河田:実は日向坂46を初期から支えてくださっていたスタッフさんが、最近亡くなってしまうということがありました。直接お聞きしたわけではないのですが、おそらく秋元(康)先生が当て書きをしてくださった曲だと思っています。メンバー全員が歌詞を見た瞬間に、「あの方に向けた歌詞だよね」とわかるくらいだったんですよね。本当にお世話になっていたスタッフさんだったので、その方がいなくなってしまって不安な気持ちもありますが、絶対に私たちのことを見ていてくださっていると思うので、「空まで届くように頑張ろう」と気持ちをひとつにして歌っていこうと思っています。
宮地:ファンの皆さんはそういったことを知らない状態で最初聴くことになると思うので、いろんな考えや考察があると思います。もちろん、それはそれでいいと思っていて。ただ、私たちはこれまでの日向坂46を作ってきてくださった方へ向けて、「新体制で頑張っていきます」という誓いを込めて大切に歌っていきたいと思っています。

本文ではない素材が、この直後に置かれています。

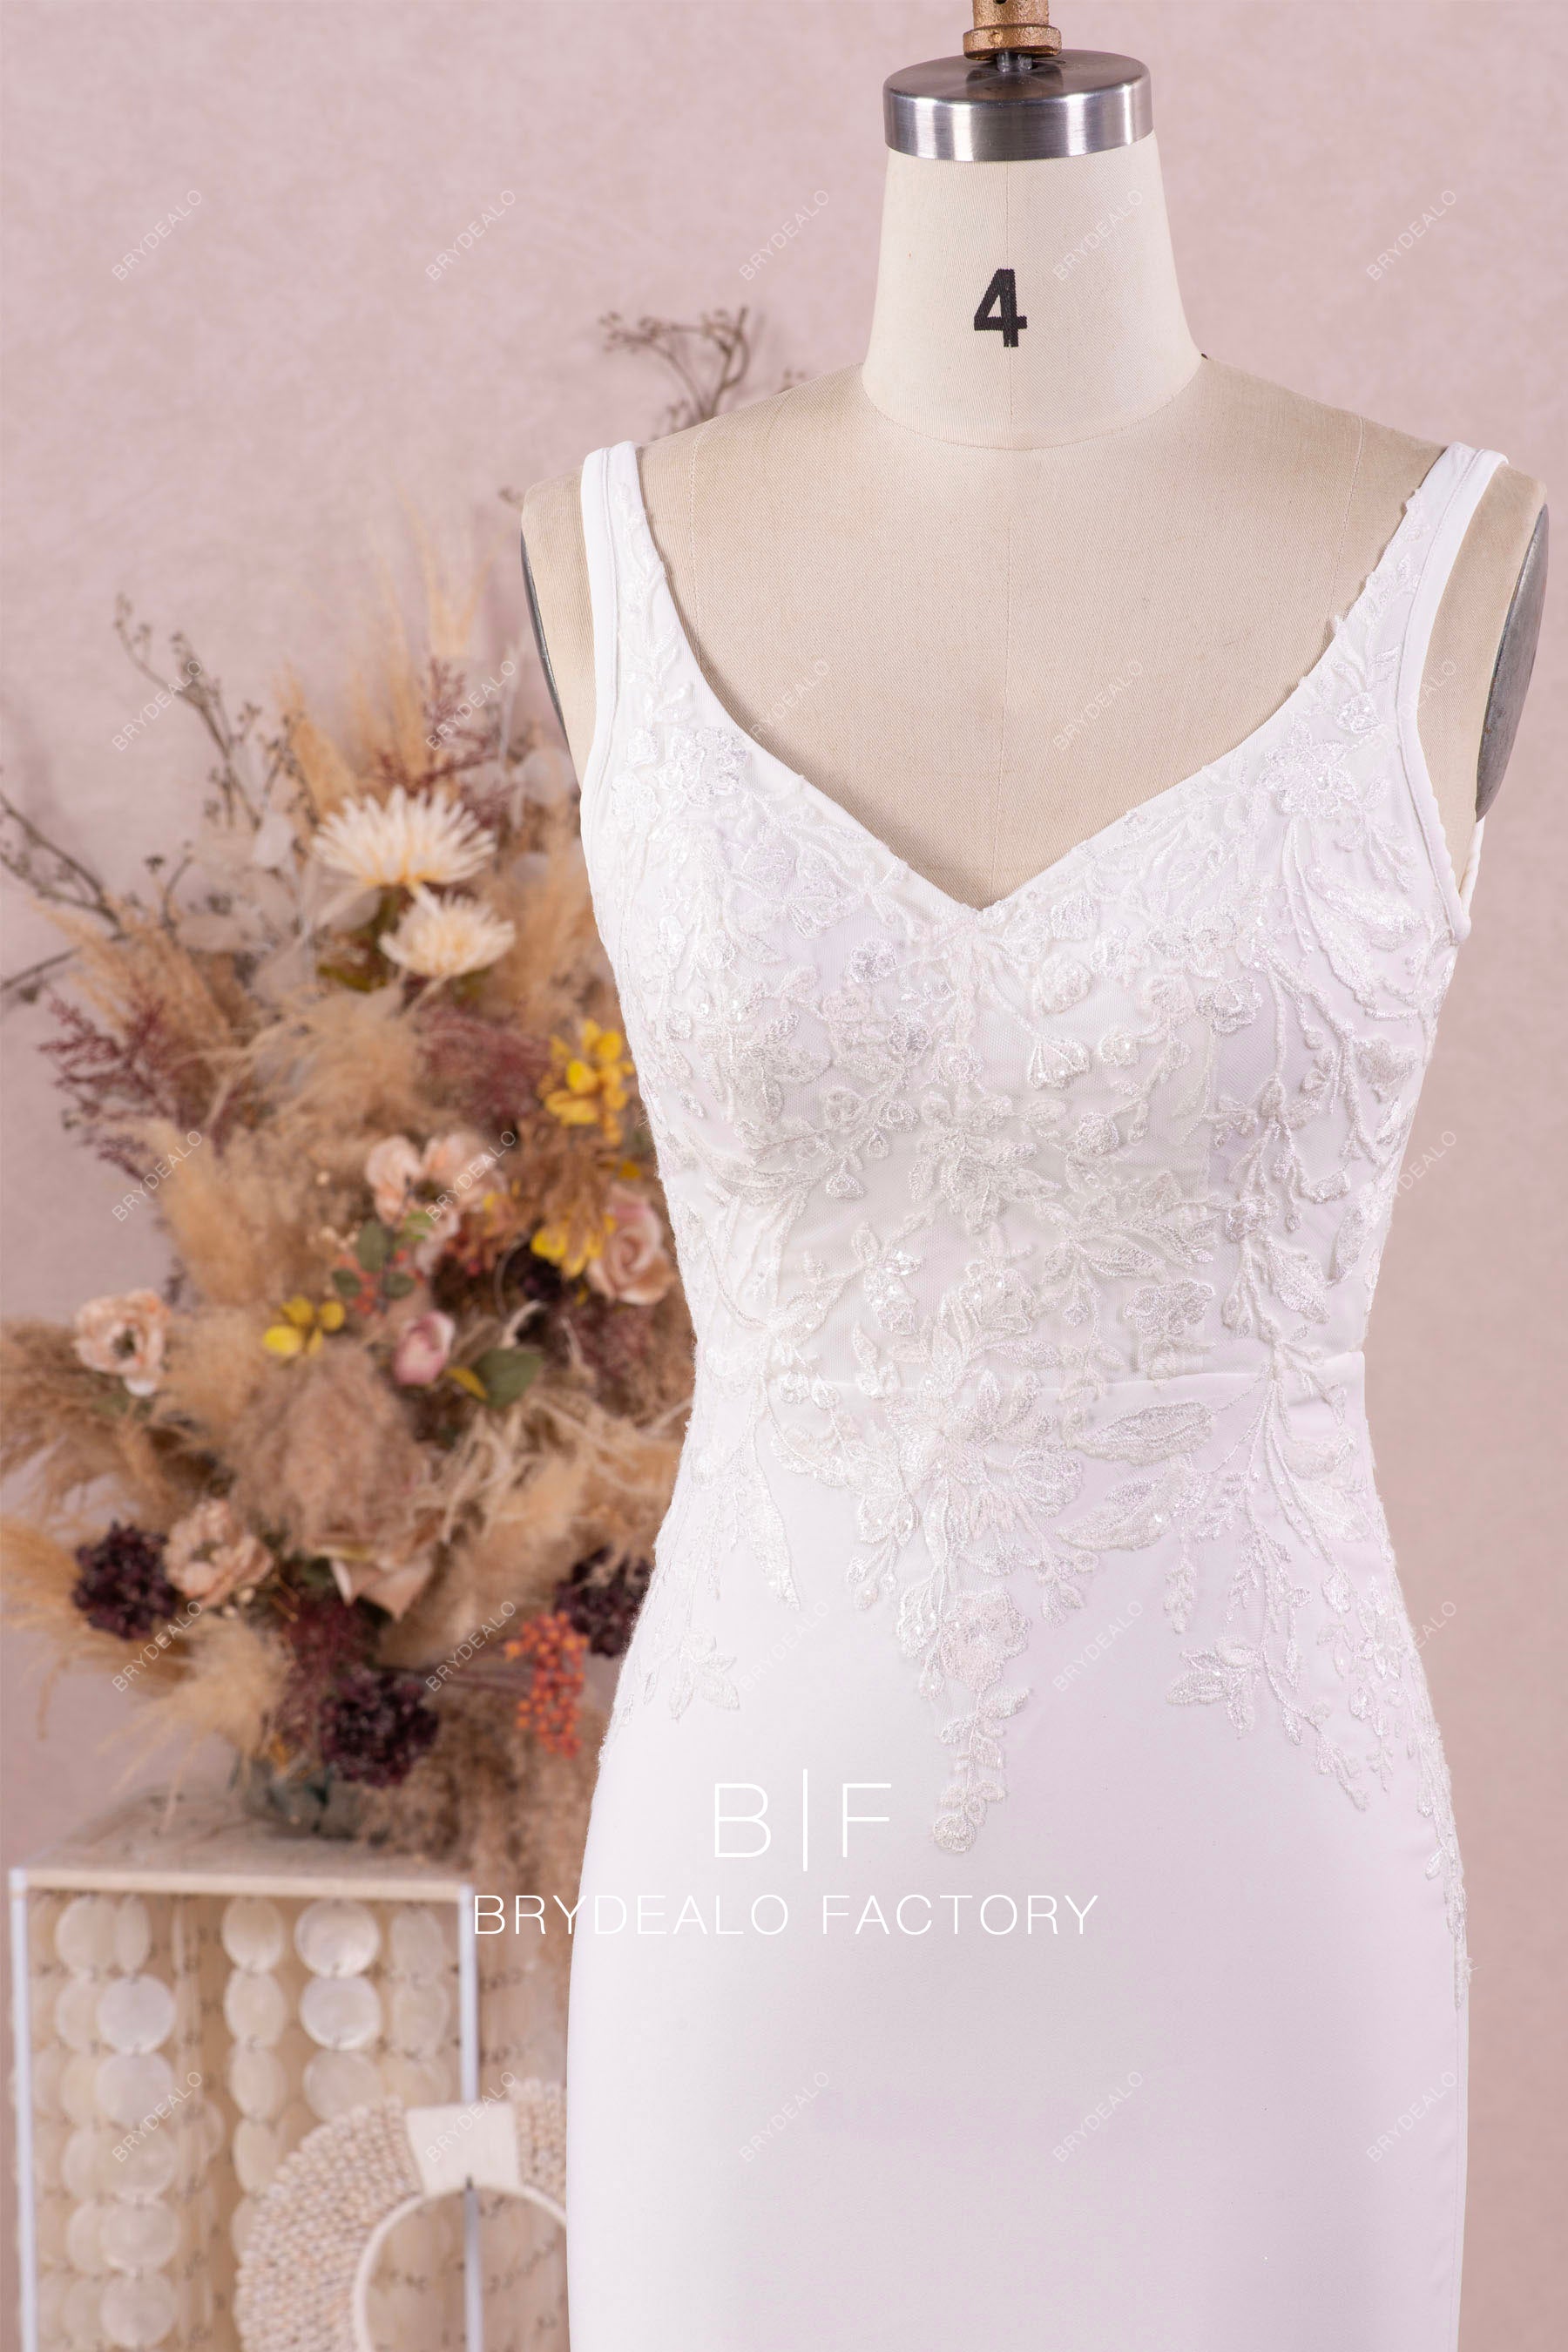 V-neck sleeveless wedding dress

――そうだったのですね。皆さんにとって大切な曲に育っていきそうです。そして「やらかした」は河田さんが参加されているユニット曲です。めちゃくちゃクセになる曲ですよね。
河田:何回も聴きたくなる曲ですよね。今回、金村(美玖)と小坂(菜緒)とのユニット曲なのですが、「3人でなにか曲ができたらいいね」と以前から話をしていたのですごく嬉しかったです。それに、もう少しおしとやか系の曲なのかなと思っていたのですが、意外な曲が来たのも面白くて(笑)。ラップみたいなリズムが難しくて苦戦しましたが、金村と一緒にボイトレに励んで、楽しくレコーディングできました。
――レコーディング中、特に印象的だったことはありますか?
河田:スケジュールの関係で小坂だけ別日だったのですが、犬の遠吠えが印象に残っています。〈僕は負け犬〉という歌詞の後ろで「うぉー!」という私と金村の声が入っているんですね。それはディレクションしてくださる方から「1回犬の遠吠えをやってみて」と言われて、ふたりで一緒にやってみた声。使われないかなと思ったのですが、使ってもらって安心しました。

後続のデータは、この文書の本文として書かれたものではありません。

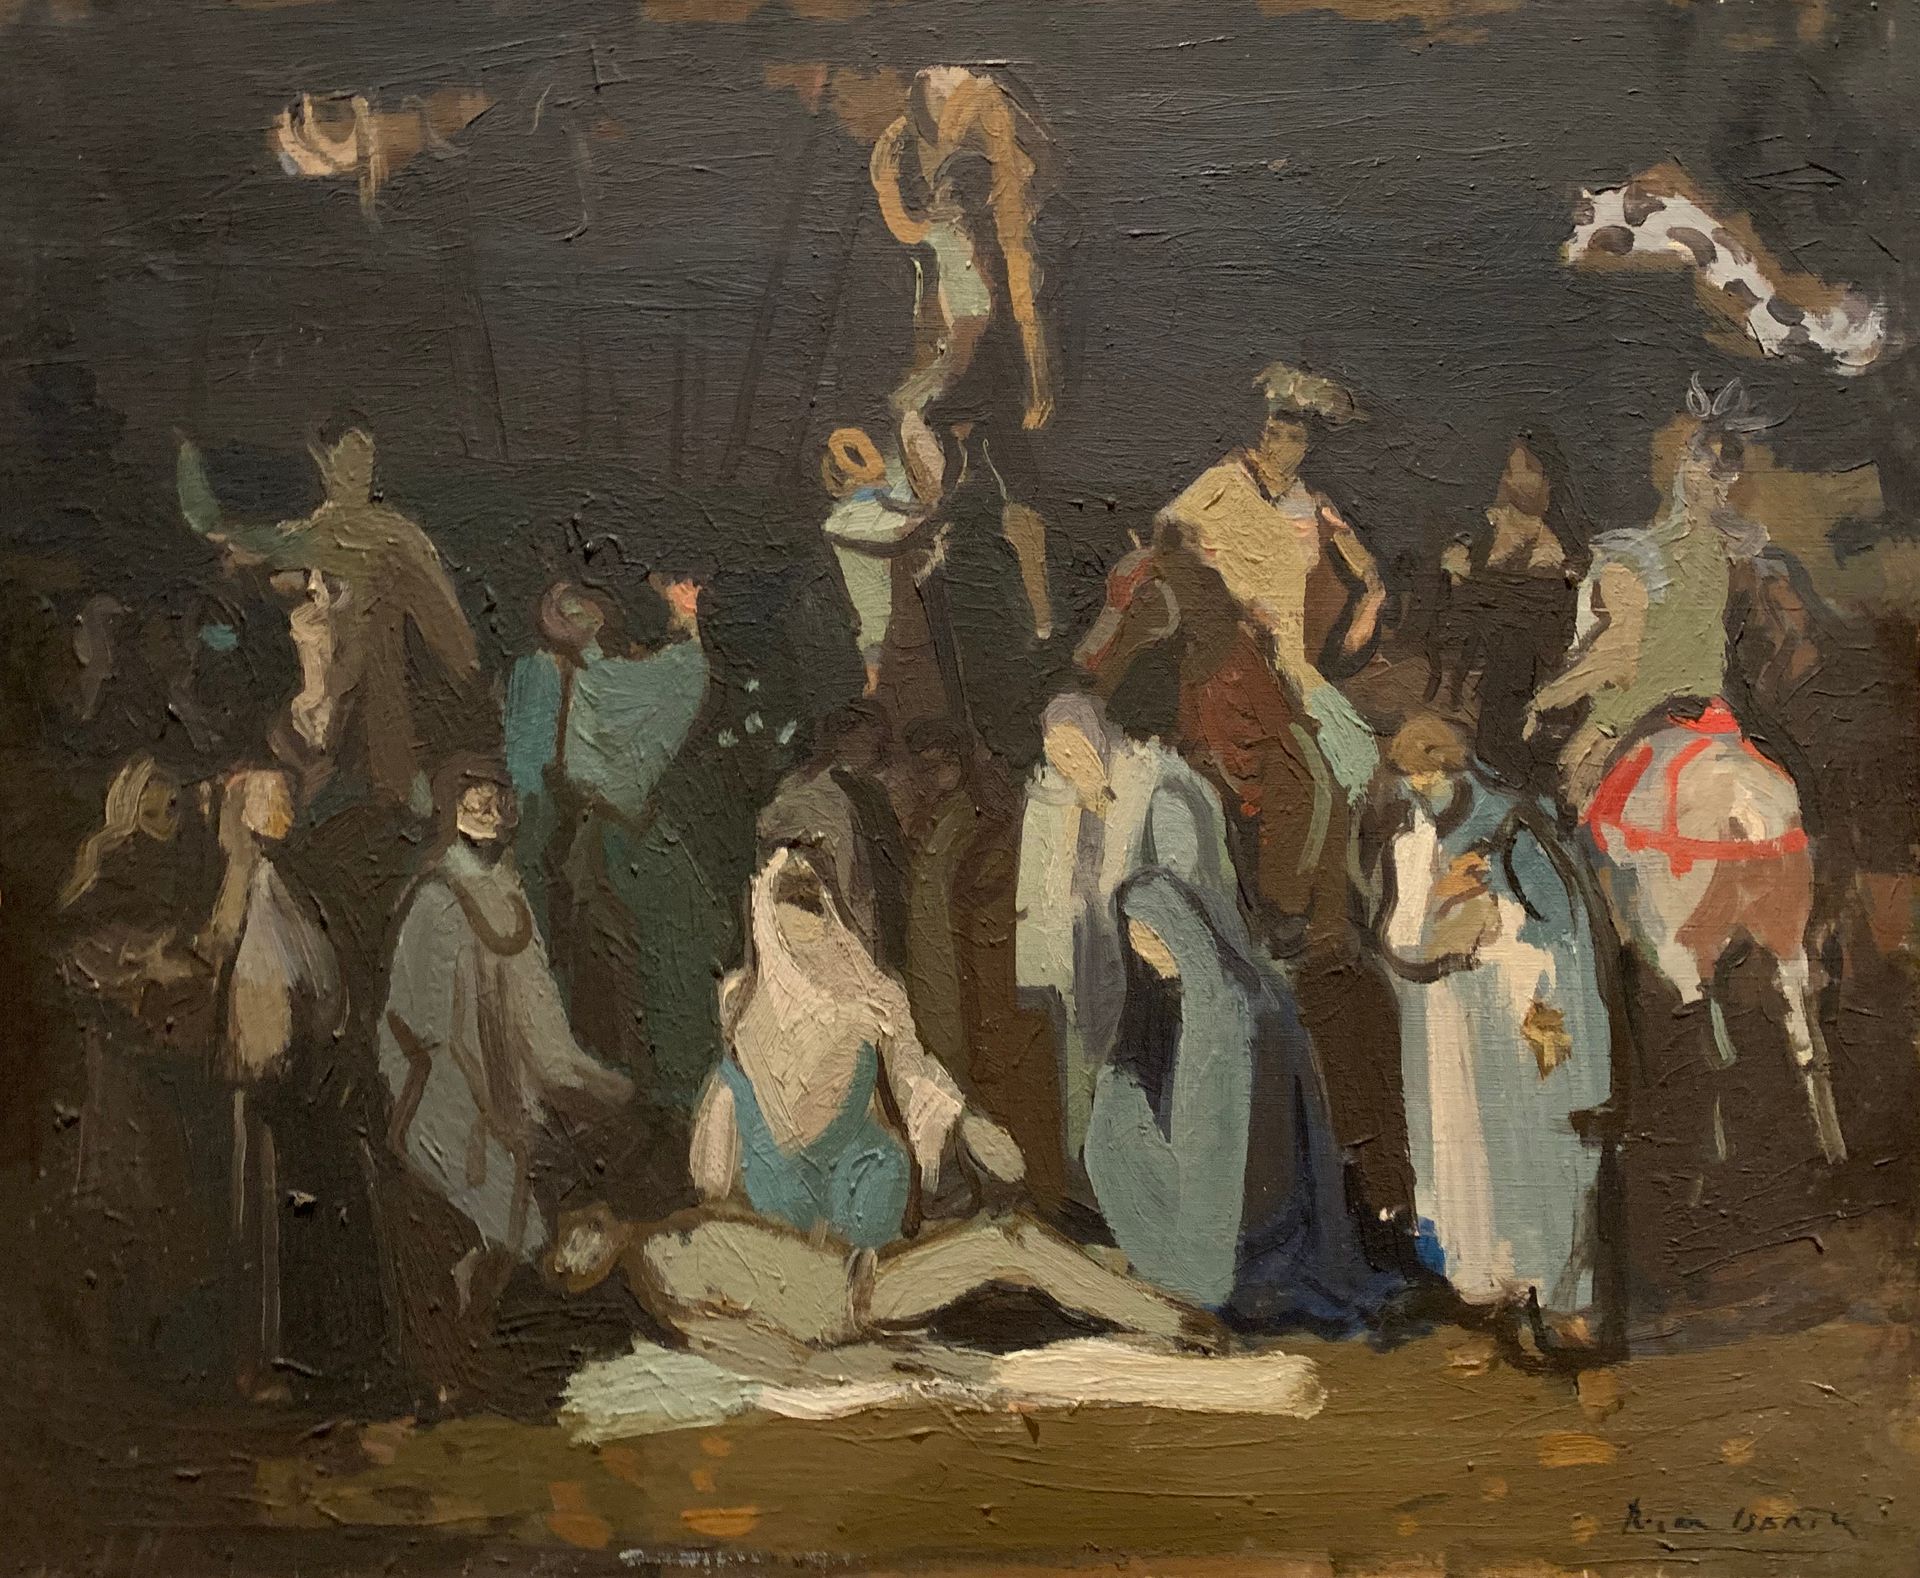 Null 罗杰-贝尔廷(1915-2003)

剥离

布面油画，右下角有签名

54 x 65厘米。

――河田さんが犬の遠吠えって、あまりイメージにないかもしれません!
河田:そうなんですよね。でも金村と一緒だったらやってもいいかな〜と思って挑戦しました(笑)。ちゃんと山の上から叫んでいる気持ちでやり切りました!
――そんな「やらかした」というタイトルのように、河田さんが最近「やらかした!」と思った出来事はありますか?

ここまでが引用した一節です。